Reaction times, accuracy and 128-channel event-related potentials (ERPs) were measured from 14 normal, right-handed subjects while they performed two different parity-judgment tasks that require transformations of mental images: a relatively simple task requiring a single transformation (mental letter rotation), and a more complex task involving a coordinated sequence of transformations (mental paper folding). Reaction times increased monotonically with larger angular displacements from the upright (for mental rotation) and with number of squares carried (for mental paper folding). Both the tasks resulted in amplitude modulation of an approximately 420–700 ms latency ERP component at parietal electrodes. Scalp topographies indicated that right parietal cortex was activated during mental rotation, but bilateral parietal regions were activated during mental paper folding. Our results support the notion of a right hemispheric superiority for tasks involving simple, single mental rotations, but indicate greater involvement of the left hemisphere when a more complex sequence of transformations are required. This task-dependent lability of hemispheric function may account for some of the inconsistent results reported by previous neuroimaging and electrophysiological studies.

Introduction

Mental imagery involves the generation and manipulation of mental representations in the absence of appropriate sensory input. The most extensively studied mental-image manipulation is mental rotation, which is the ability to imagine visual shapes rotated to an orientation other than that in which they appear. Since reaction times are longer for larger angles of misorientation, it has been proposed that mental representations of objects are rotated through a trajectory in much the same manner that physical objects are rotated. Assuming a constant rate of mental rotation, it would thus take longer to traverse larger angular displacements (Cooper & Shepard, 1973; Shepard & Metzler, 1971).

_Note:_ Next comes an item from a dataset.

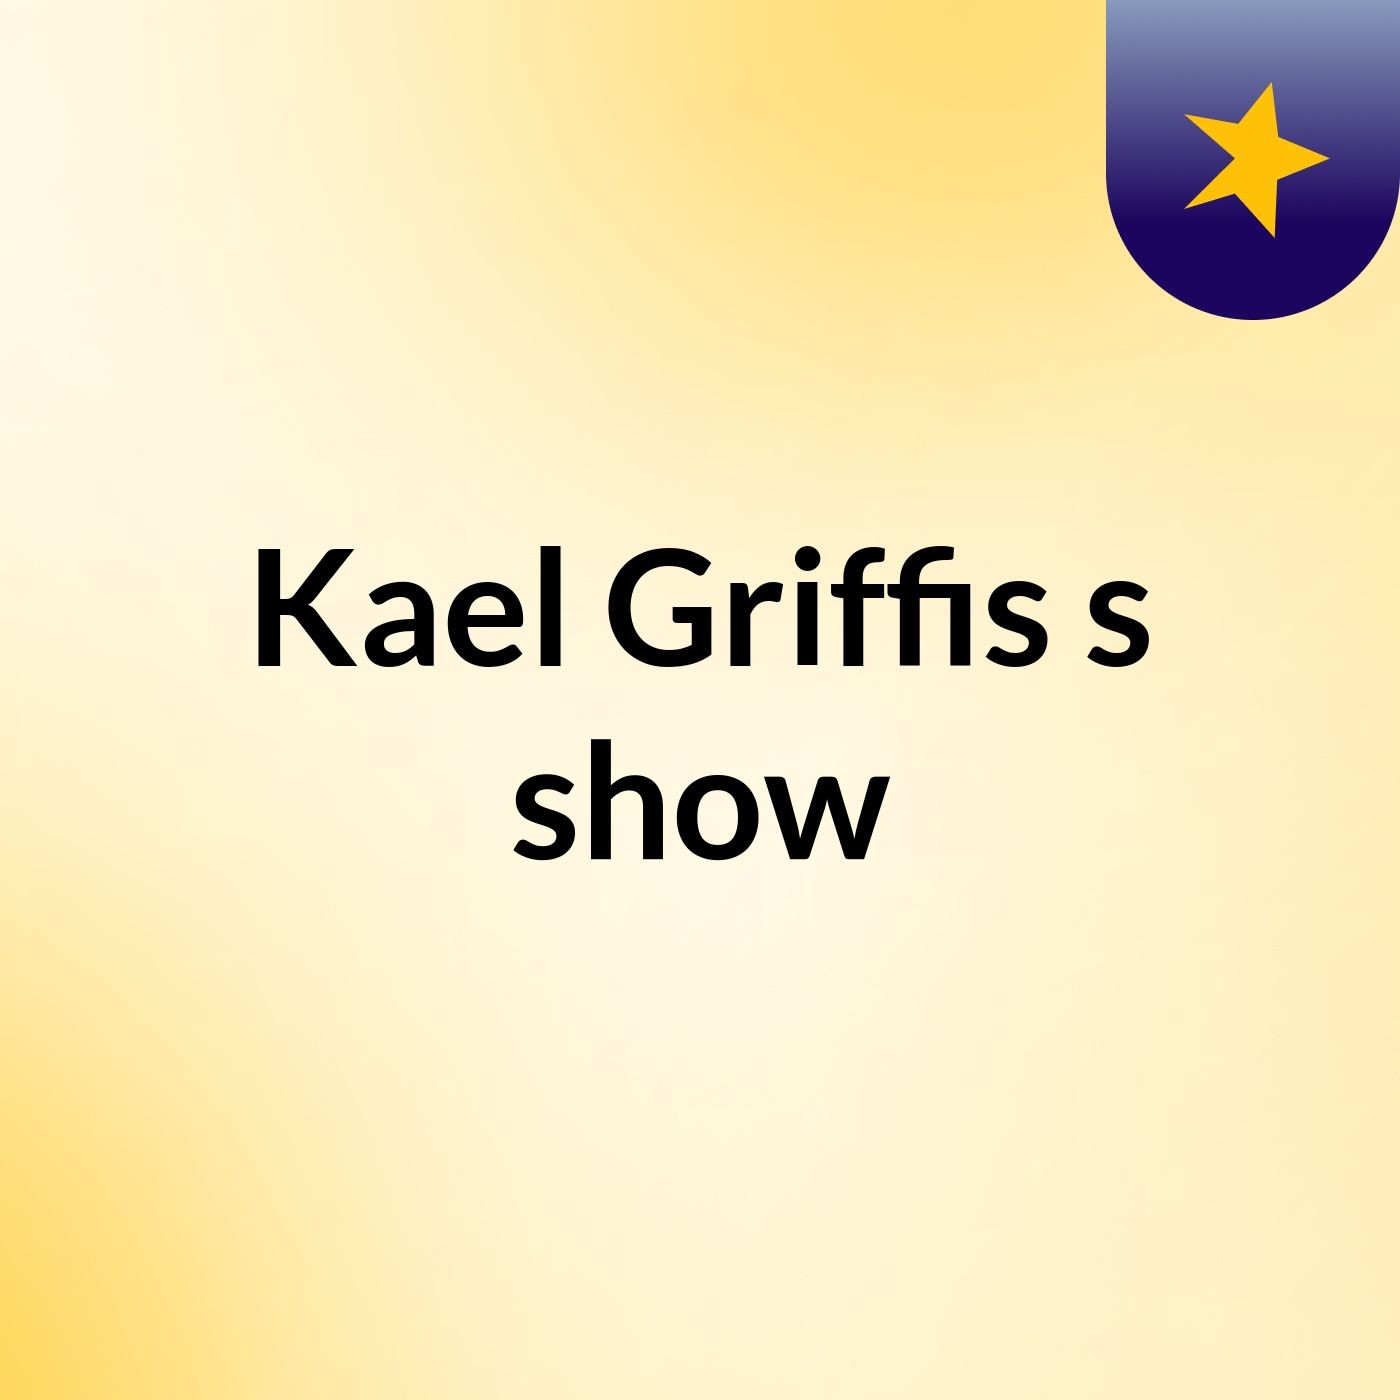 Kael Griffis's show
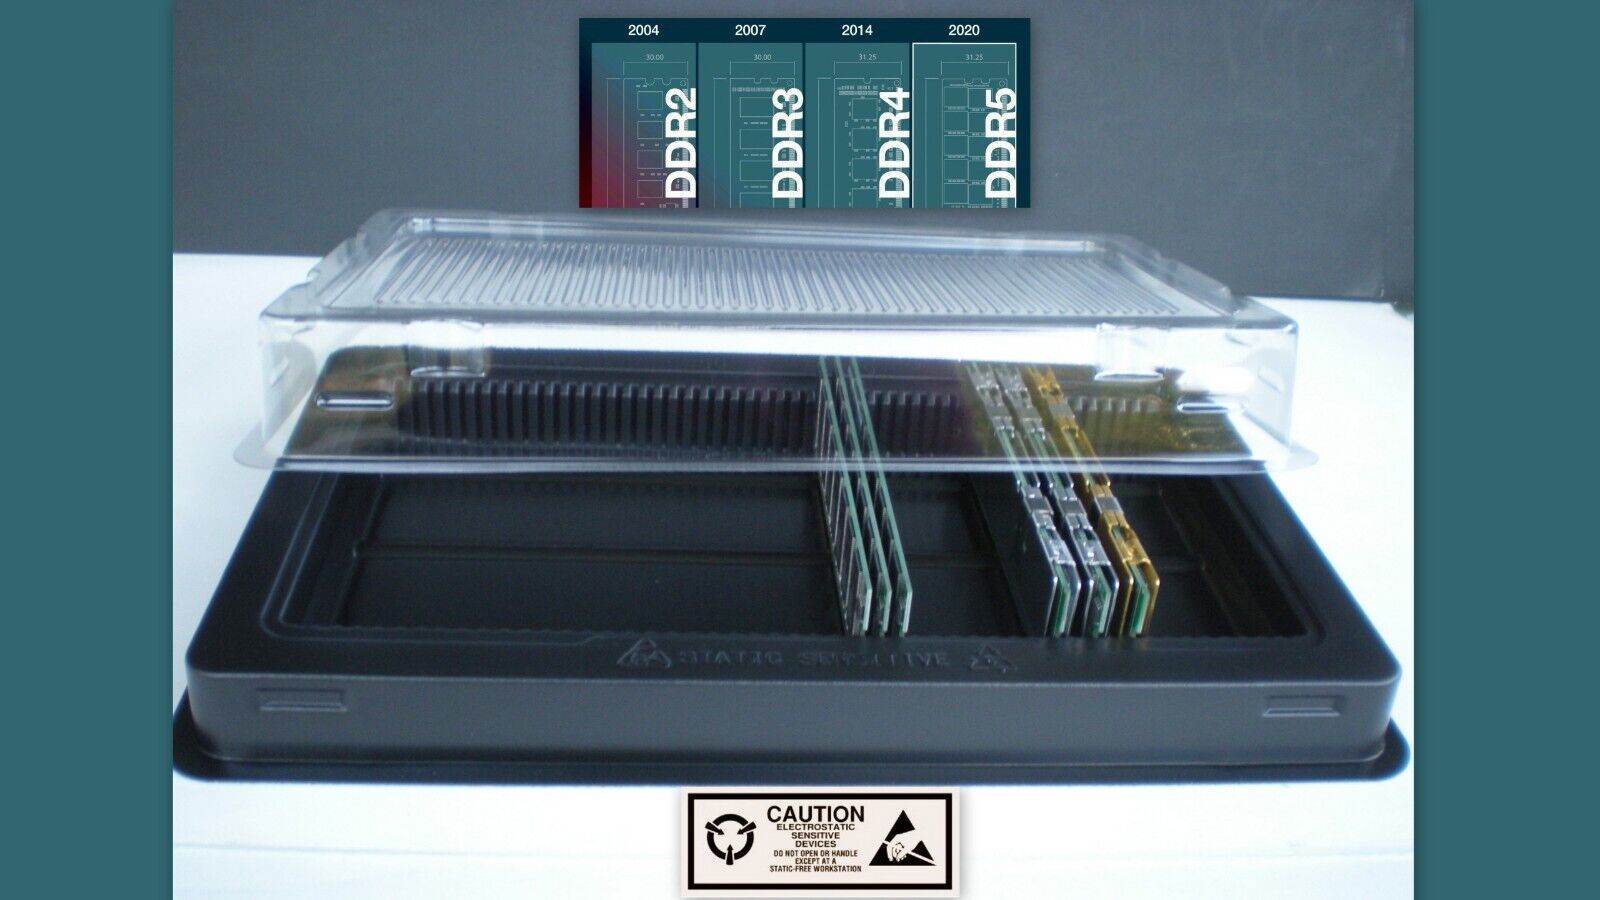 Memory Stick RAM Shipping Box - 5 Trays fits 250 DDR5 DDR4 DDR3 DIMM Modules New

Cooper and Shepard (1973) introduced a simple paradigm for studying mental rotation in which they presented asymmetric alphanumeric characters and required subjects to decide if each was normal or mirror-reversed (parity-judgment). These authors reasoned that if such characters are internally represented in their normal upright (canonical) positions, misoriented images would have to be mentally-rotated in order to perform the discrimination. Since the normal and mirror-reversed characters possess the same features, this task ensured that the discrimination could not be accomplished by alternative feature-based strategies that are independent of orientation. Indeed, the observed RT functions were entirely consistent with a mental rotation strategy, showing a sharp increase as a function of the angular departure of characters from their upright positions. These RT functions have been extensively replicated in parity-judgment tasks involving the discrimination of not only mirror-imaged characters, but also of left and right hands (Cooper & Shepard, 1975) of the mirror-image polygons (Ely, 1982), and of left- and right-facing naturalistic objects (Jolicoeur, 1985). Further, these RT functions are unique to parity judgment tasks: to our knowledge the only comparable phenomenon is the increased RTs obtained when subjects are required to identify rotated characters (Corballis, Zbrodoff, Shetzer, & Butler, 1978; White, 1980) or naturalistic objects (Jolicoeur, 1985). However, these tasks typically produce shallower RT slopes and a “dip” at 180°, and it is debatable whether mental rotation is actually involved (see Jolicoeur, 1990, Murray, 1997) for more detailed treatments of this issue). Thus, there is good evidence that the sharp RT functions elicited by parity judgments of misoriented shapes are a unique “behavioral signature” of mental rotation.

If mental rotations are analogous to physical rotations, then this type of processing must be quite different from other types of computations that occur in the brain. The observation that reaction–time functions for mental rotation are continuous (such that intermediate RTs will be obtained for intermediate angles) indicates that it is implemented with an analogue type of code. If the computations involved were digital (for example), then there is no reason to expect processing time to increase with angular orientation in this fashion. Thus, mental rotation seems to require a code that is fundamentally different from that required by other important mental processes such as language (c.f. Corballis, 1997).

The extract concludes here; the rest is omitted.